Hi Gmum, I am glad to play a role in your enlightenment. I do not have the wisdom to create these thoughts. I am simply holding my torch so that you can see them. Please comment on any of my posts sometimes I lose my way on the path.

Hey hey PP, read my last post on my last thread, there you will find the answer to your post's wish.

The subtle shift in my wife's has continued. I have adjusted to this new normal. It is relieving to know that she is not so tense and guarded in her self imposed exile. A chance physical encounter with her cooking on Christmas Day reinforces my belief that she is not warming to me but more comfortable and less guarded with her choice. I will take credit for some of her evolution to this point since my behavior played a part in her disposition.

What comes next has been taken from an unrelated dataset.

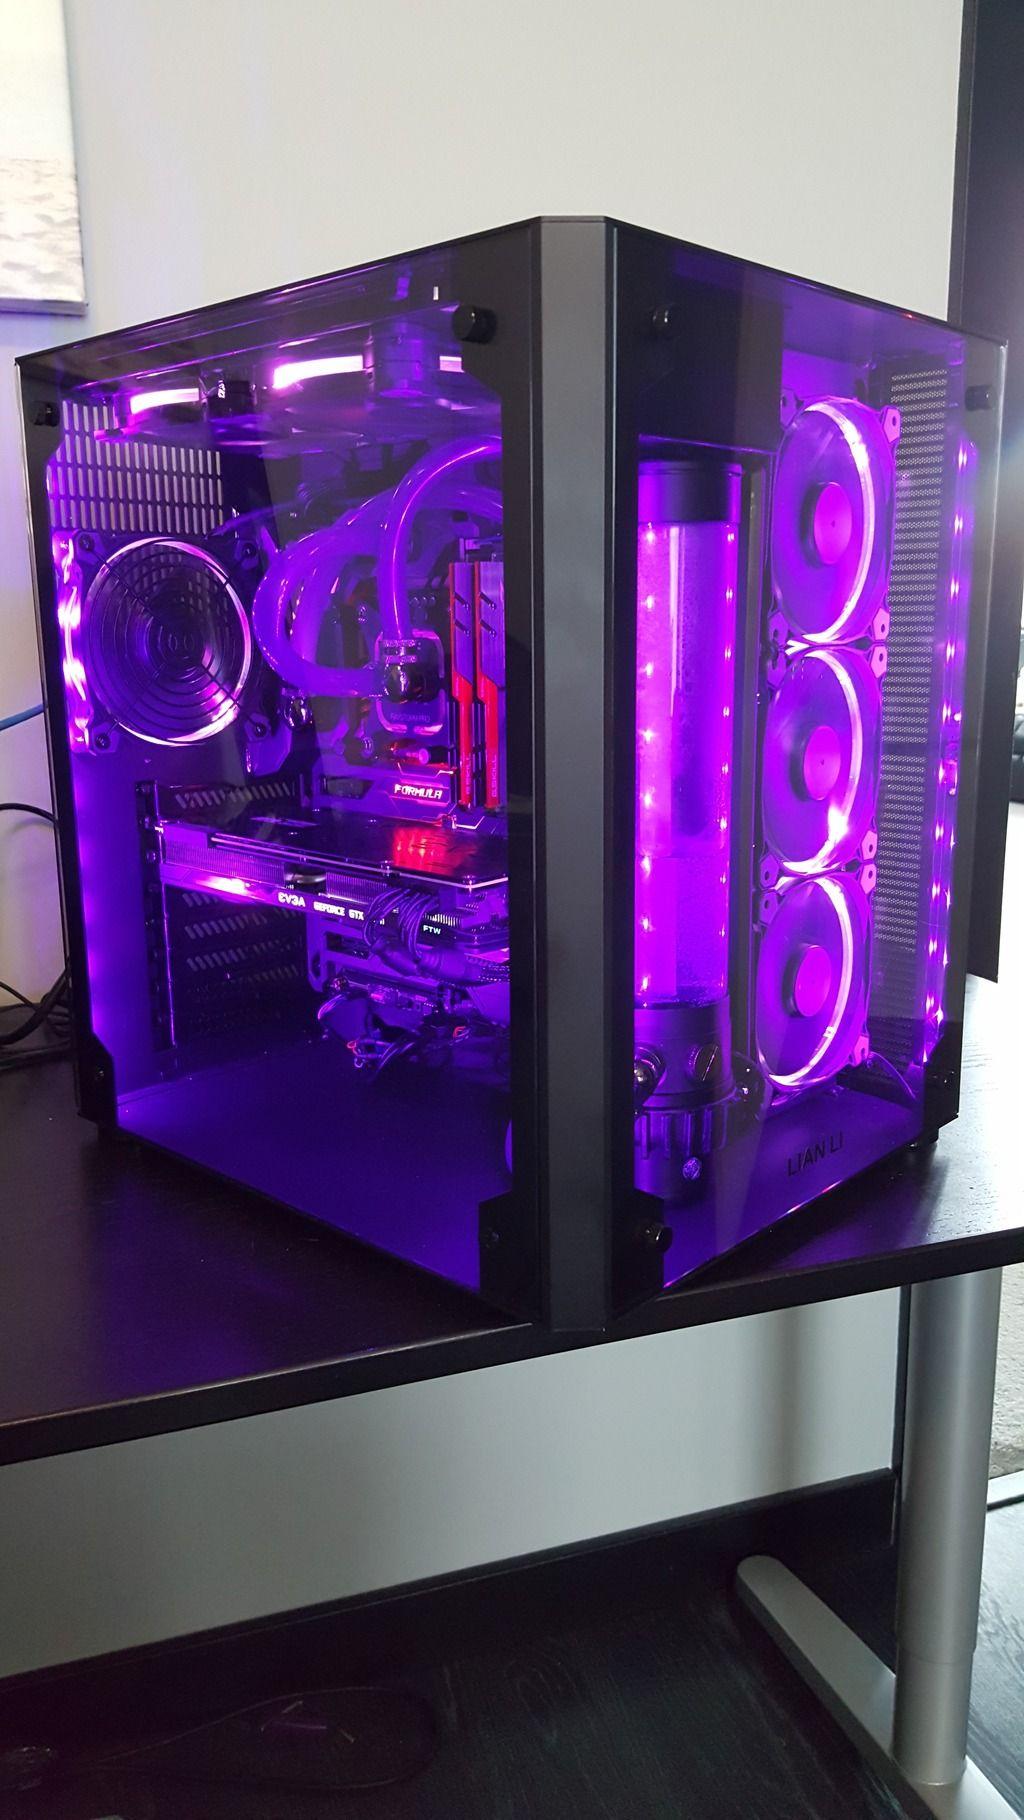 Lian Li PC-08 case

My wife backed up while cooking as I was walking by. When she did and the back of her upper arm slowly bumped into my forearm. She jerked forward like I was on fire. My first thought was that her skin is so soft, it felt so good. I truly miss her. It appears that she does not want to have any physical contact with me. I accept that this is how she feels and will respect it. It is disappointing for me but expectable.

So I am married to a woman who is trying to decide if she wants to divorce me, does not love me, does not wear her ring, sleeps in a different bed but now seems relaxed enough to talk briefly with me. The glass is half full. I sit here smiling.